Elevate by Robert Glazer
How to Raise
Your Capacity and Stop Living Below Your Potential
To elevate means “to
raise or lift something up to a higher position or more important level.”
That definition
alone captures the essence of Robert Glazer’s Elevate.
This isn’t a
motivational book about “dream big.”
It’s a practical blueprint for building the capacity required to
actually sustain big dreams.
One quote sets the
tone:
“The difference
between what we do and what we are capable of doing would suffice to solve most
of the world’s problems.” —
Mahatma Gandhi
That gap between
current output and true potential is where most people live.
And Glazer argues
that the solution is capacity building.
What Is Capacity
Building?
Glazer defines
capacity building as:
“The method by
which individuals seek, acquire, and develop the skills and abilities to
consistently perform at a higher level in pursuit of their innate potential.”
In simpler terms:
You don’t rise to your goals. You rise to your capacity.
If your capacity
doesn’t grow, your results won’t either.
He breaks capacity
into four areas:
- Spiritual (values & purpose)
- Intellectual (growth & learning)
- Physical (health & energy)
- Emotional (relationships &
resilience)
This framework is
powerful because it reminds us: success is not one-dimensional.
Key Leadership
& Growth Lessons (For Both Men and Women)

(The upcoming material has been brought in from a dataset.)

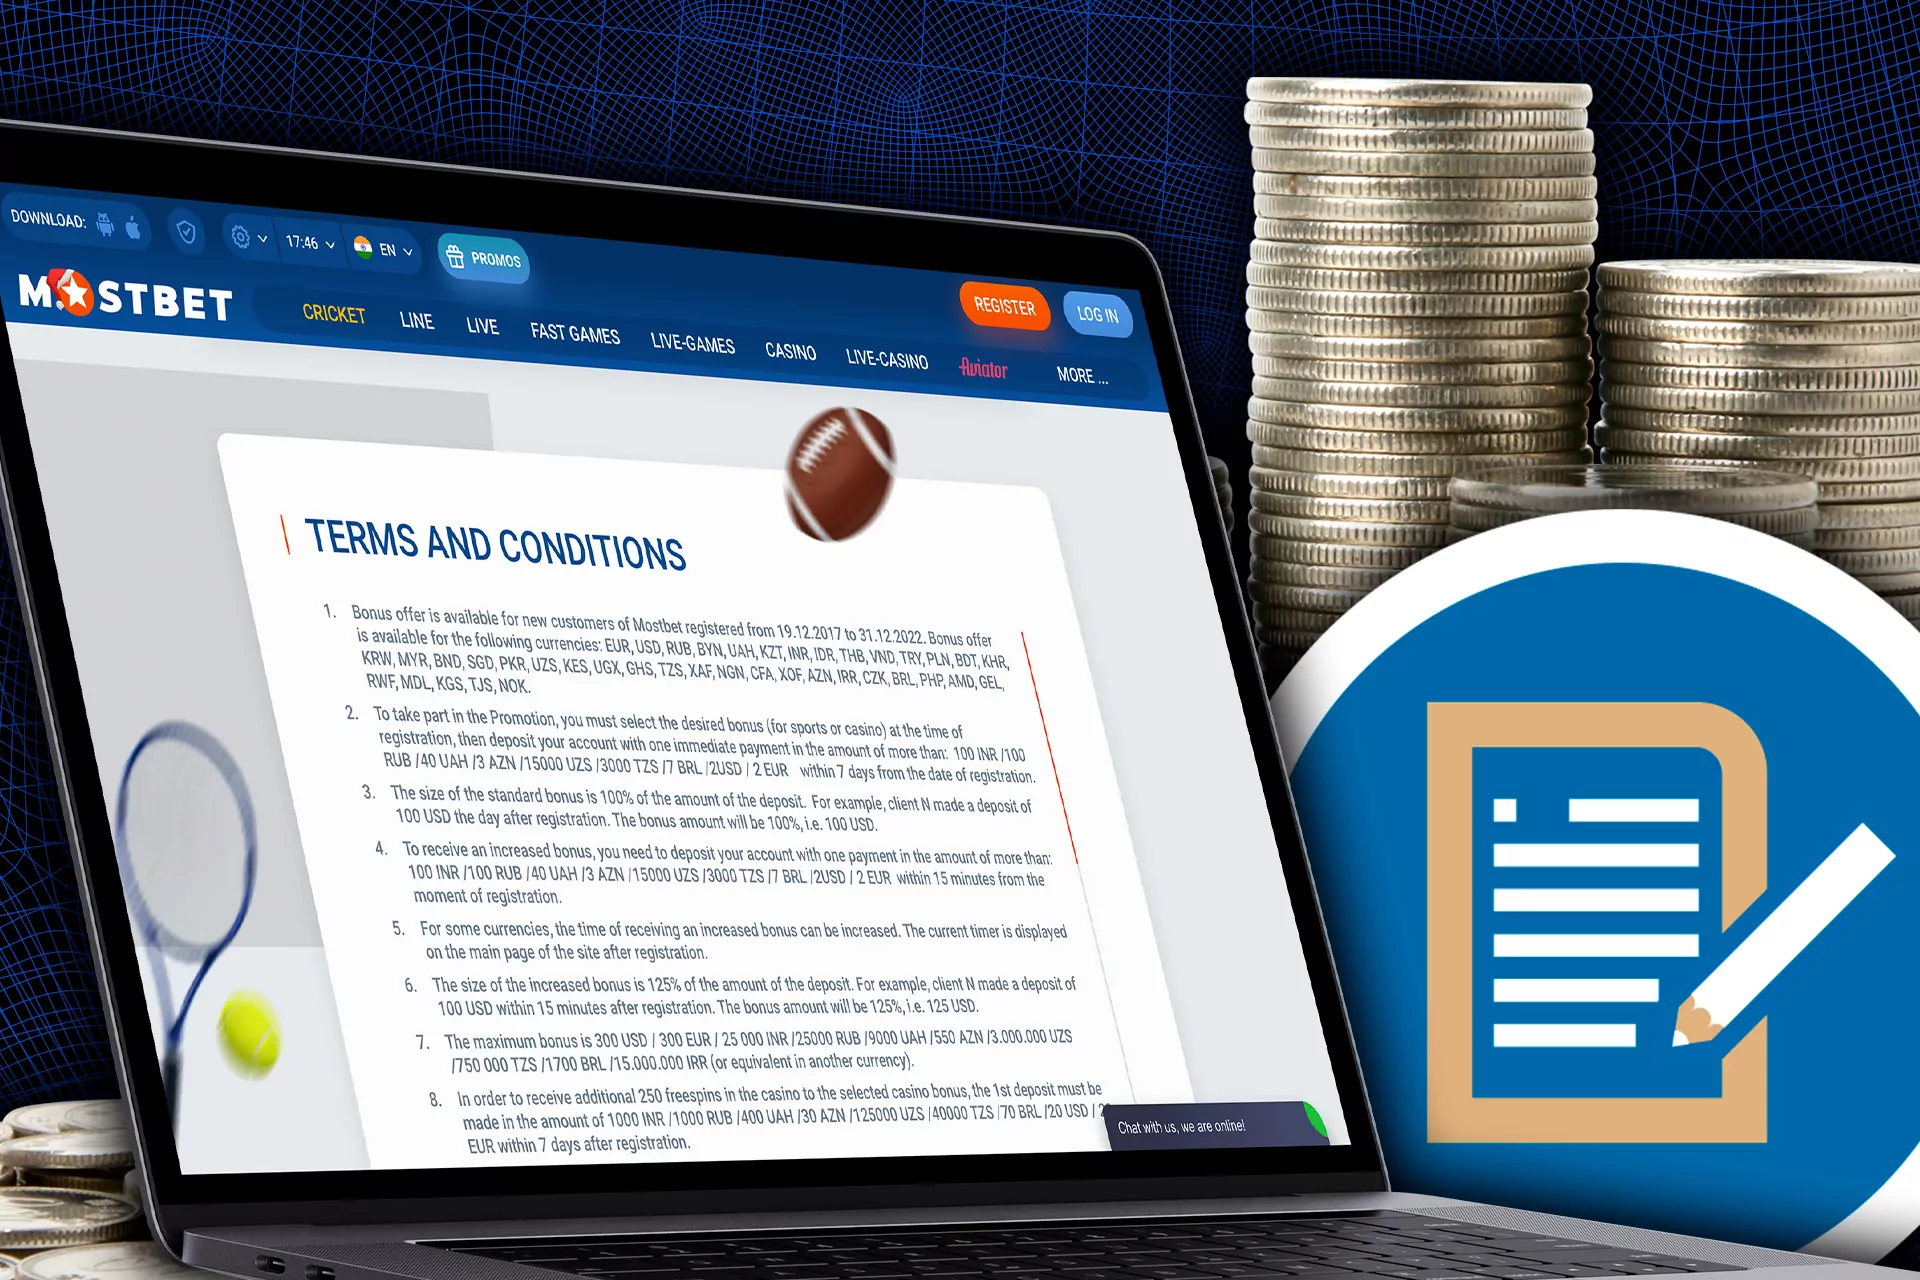 In the terms and conditions are located all the rules of Mostbet bonus programs.

1️.Start With Core Values — Or You’ll Build
the Wrong Life
Glazer emphasizes
that long-term goals must be rooted in core values and purpose.
He challenges you
to ask:
- When am I happiest?
- When am I drained?
- What themes keep showing up in my life?
Too many professionals’
chase achievement without clarity.
As Yogi Berra
famously said:
“If you don’t know
where you’re going, you might not get there.”
Strategy to
Apply:
Write down 25 goals.
Circle only 5.
Avoid the other 20.
The goals you avoid
are often distractions disguised as ambition.
Leadership isn’t
about doing more.
It’s about choosing better.
2️.You Don’t Elevate Alone
One of the
strongest themes in Elevate is the power of mastermind groups and
intentional relationships.
Napoleon Hill
defined a mastermind as:
“The coordination
of knowledge and effort of two or more people, who work toward a definite
purpose, in the spirit of harmony.”
Elevators seek:
- Mentors
- Accountability partners
- Feedback
- Personal boards of advisors
Glazer reminds us:
“We all have blind
spots.”
The best athletes
in the world still have coaches.
The most dangerous
leaders are the ones who think they’ve arrived.
Strategy to
Apply:
- Join or create a mastermind group.
- Identify 3 people who can challenge
your thinking.
- Ask for uncomfortable feedback.
Growth requires
friction.
3️. Action Beats Overthinking
Glazer writes:
“When given the
choice, choose to take action and keep the capacity ball moving downhill.”
Momentum compounds.
We often regret:
- The opportunities we didn’t take.
- The risks we avoided.
- The discomfort we escaped.
He reinforces what
many high performers learn later in life:
“In life, we regret
the things we didn’t do far more than the ones we did.”
Strategy to
Apply:
When uncertain, default to action.
Not reckless action — strategic action.
Progress builds
confidence.
Confidence builds capacity.
4️.Physical Capacity Is the Accelerator (or
the Drag)
One of the most
underrated parts of leadership is physical capacity.
Glazer is blunt:
“Your physical
capacity acts as either an accelerant or a drag.”
Sleep, nutrition,
movement, stress management — these are not optional.
They are
multipliers.
He echoes Michael
Pollan:
“Don’t eat anything
your great-grandmother wouldn’t recognize as food.”
Simple. Not trendy.
You can’t lead
effectively if you’re exhausted, inflamed, and running on caffeine and
cortisol.
Strategy to
Apply:
- Sleep 8 hours tonight.
- Take two 15-minute tech-free breaks
outdoors.
- Replace one processed meal this week
with whole food.
Small shifts
compound.
James Clear’s 1%
rule appears here too:
Get 1% better daily → 37x better in a year.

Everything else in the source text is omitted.